Cloning things makes maintenance harder linearly. Generalizing things makes maintenance harder exponentially. Counterintuitively, generalization only makes sense on small numbers or reiterations, not the vice-versa.
I started https://wordsandbuttons.online as an experiment in zero-dependencies architecture. No third-party, no self-reference. Every page is completely independent. I was told, that as it grew, it would inevitably become impossible to maintain.
Five years passed, including a two-year pause for writing a book. I did more than half a hundred interactive tutorials and quizzes, and continue to add them when I have time. The thing simply refuses to go "too complex to maintain". All the maintenance problems I ever faced with this design were handled within minutes. If there is too much typing, I write a Python script. If not, I do the change manually, replicate it in a few pages, and go on.

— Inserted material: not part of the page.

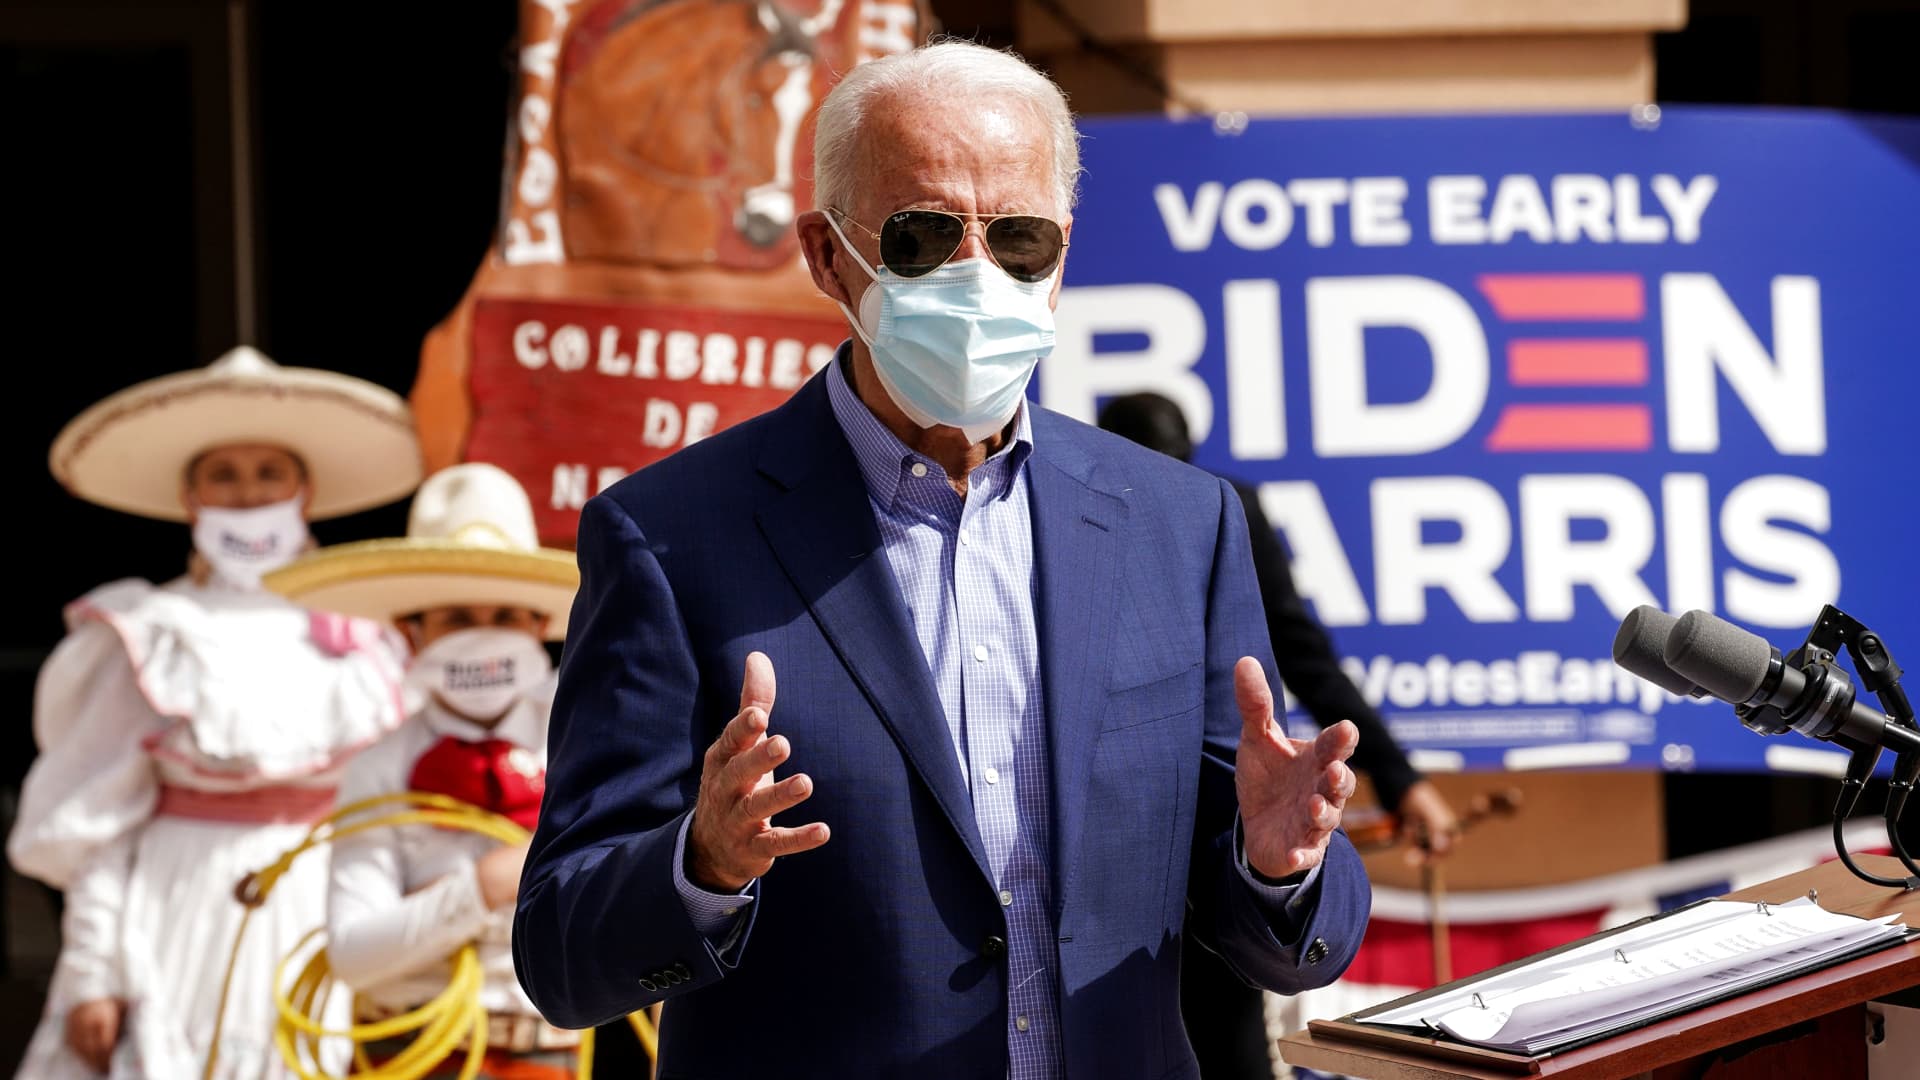 Members of a mariachi band look on as Democratic U.S. presidential nominee Joe Biden discusses the disproportionate ways coronavirus disease (COVID-19) has impacted Latinos in Nevada during a campaign stop at the East Las Vegas Community Center in Las Vegas, Nevada, October 9, 2020.

As a free bonus, since all my pages are essentially hand-written, no dependencies = no uncontrolled growth, they are all fewer than 64 KB each. Ultra-fast to load, and I never get a "Reddit effect" since even 1000 requests a second is only 64 MB of data. It's green then tea too. I usually have a few hundred thousand visitors a year, and they barely consume enough electricity to boil a kettle of water.
I think this rule of three, like many others is just an attempt to escape well-known complexity issues by putting them under a carpet of less known complexity issues. I'm very happy to have ignored it when considering design for my site.